● **DATASET SECTION**:
↓↓↓
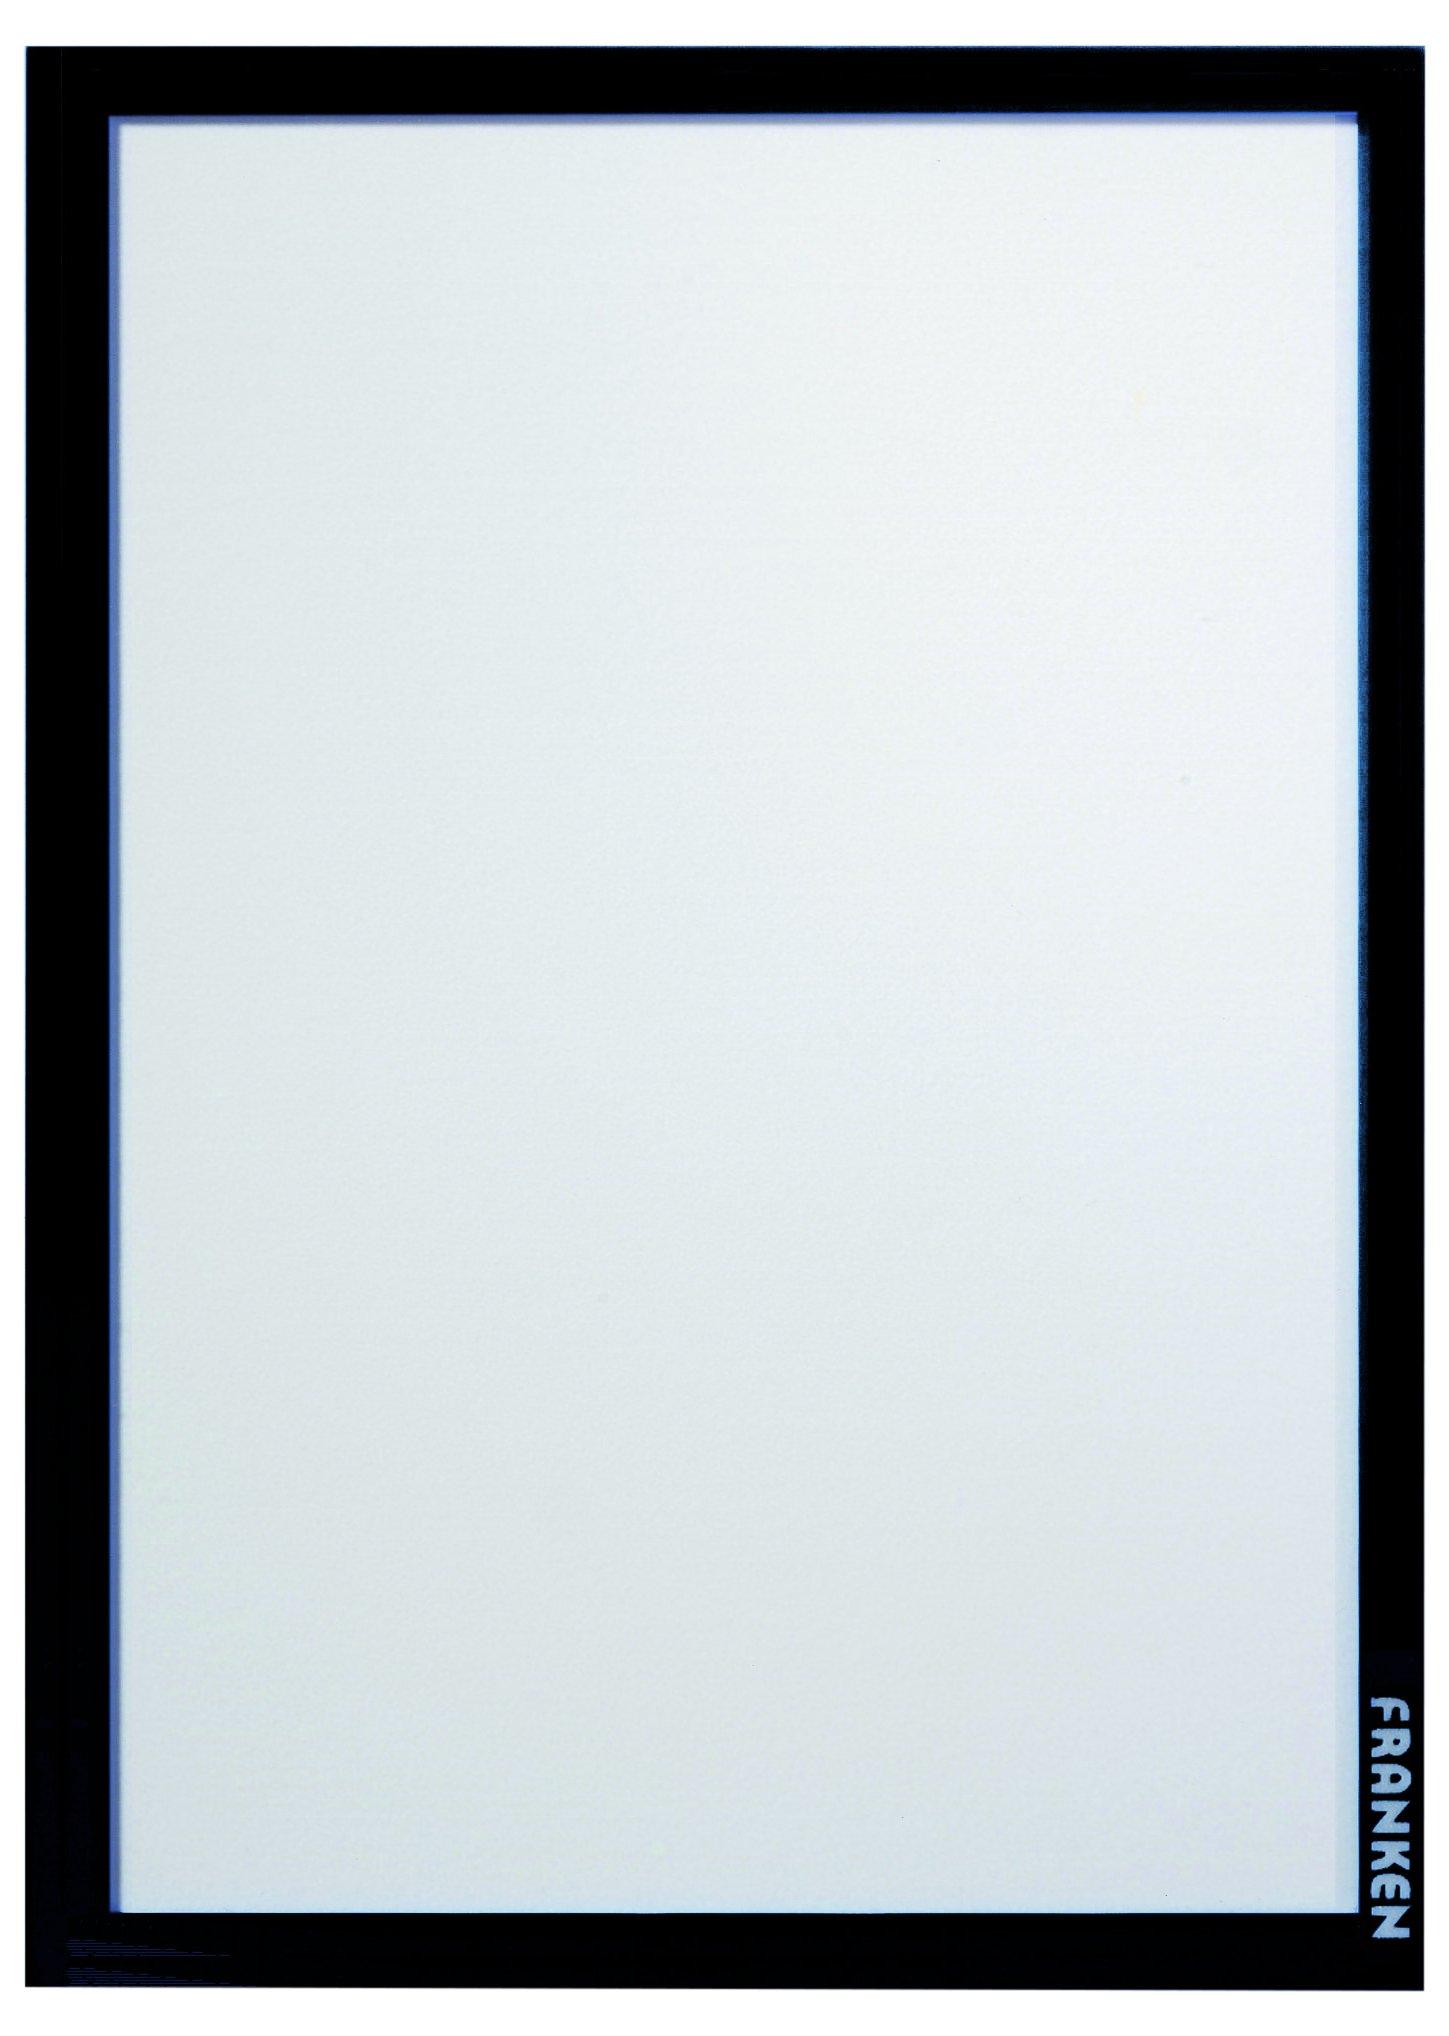 Franc AR14102 Window Display Frame It Pro, DIN A4, Hard Slide, Strength: 1.82 mm, Matt, Black
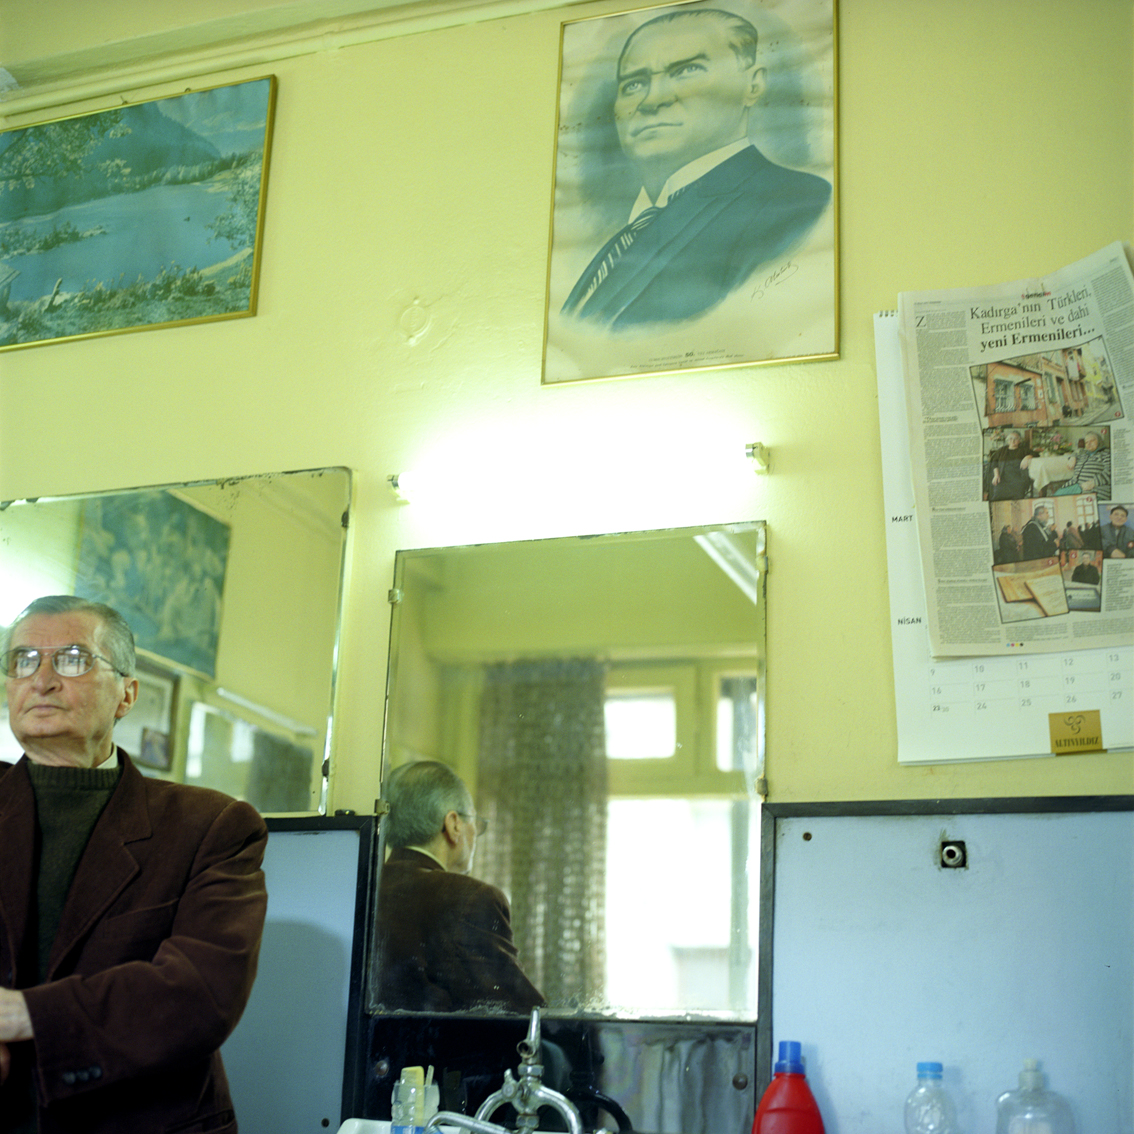 Barber shop in Istanbul, Turkey
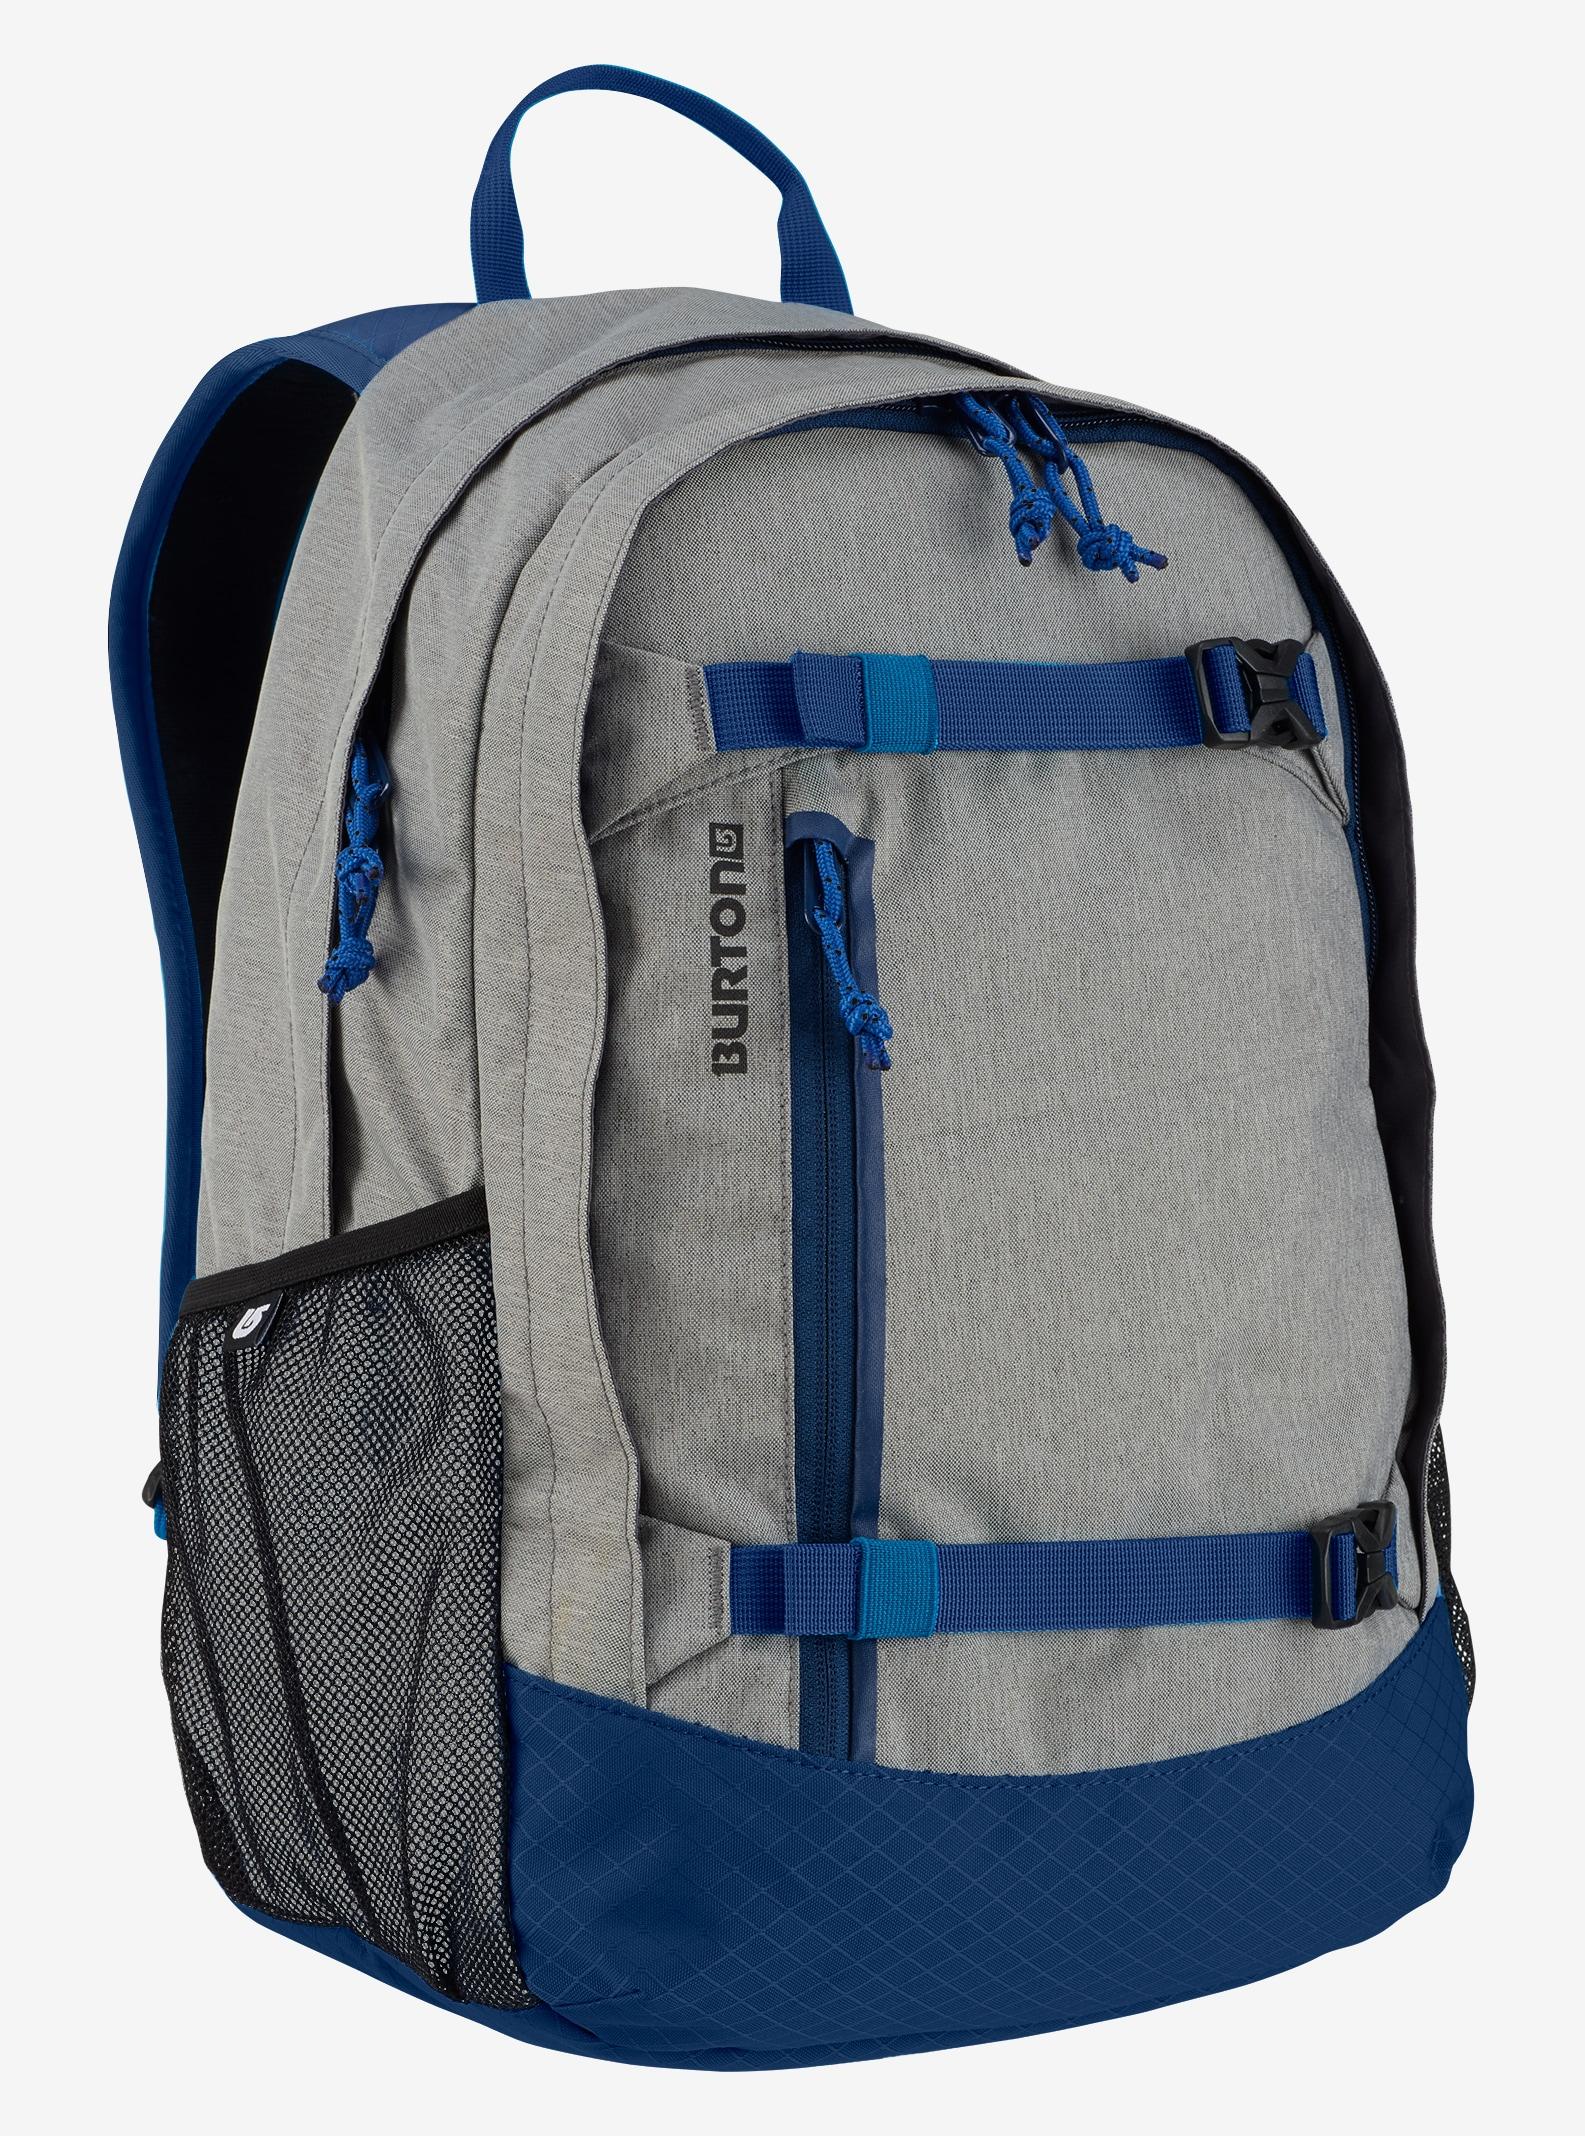 Burton Kids' Day Hiker 20L Backpack shown in Dark Ash Heather
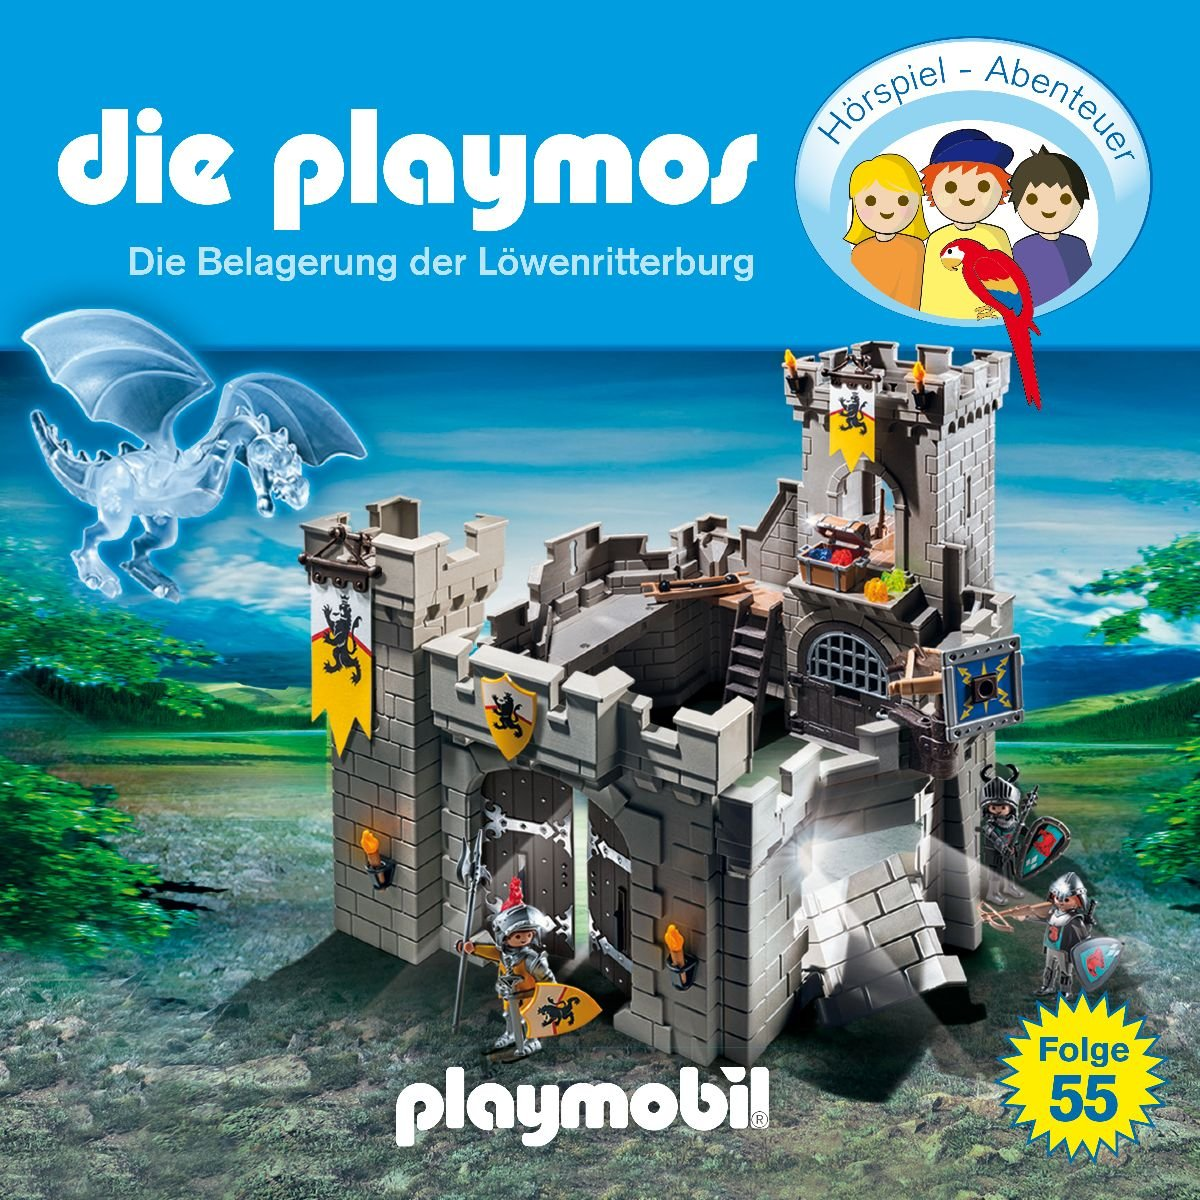 Die Playmos (55) Die Belagerung der Löwenritterburg - floff publishing 2017
↑↑↑
The finished answer is an exact repetition of the listing, with every picture removed.

 Franc AR14102 Window Display Frame It Pro, DIN A4, Hard Slide, Strength: 1.82 mm, Matt, Black
 Barber shop in Istanbul, Turkey
 Burton Kids' Day Hiker 20L Backpack shown in Dark Ash Heather
 Die Playmos (55) Die Belagerung der Löwenritterburg - floff publishing 2017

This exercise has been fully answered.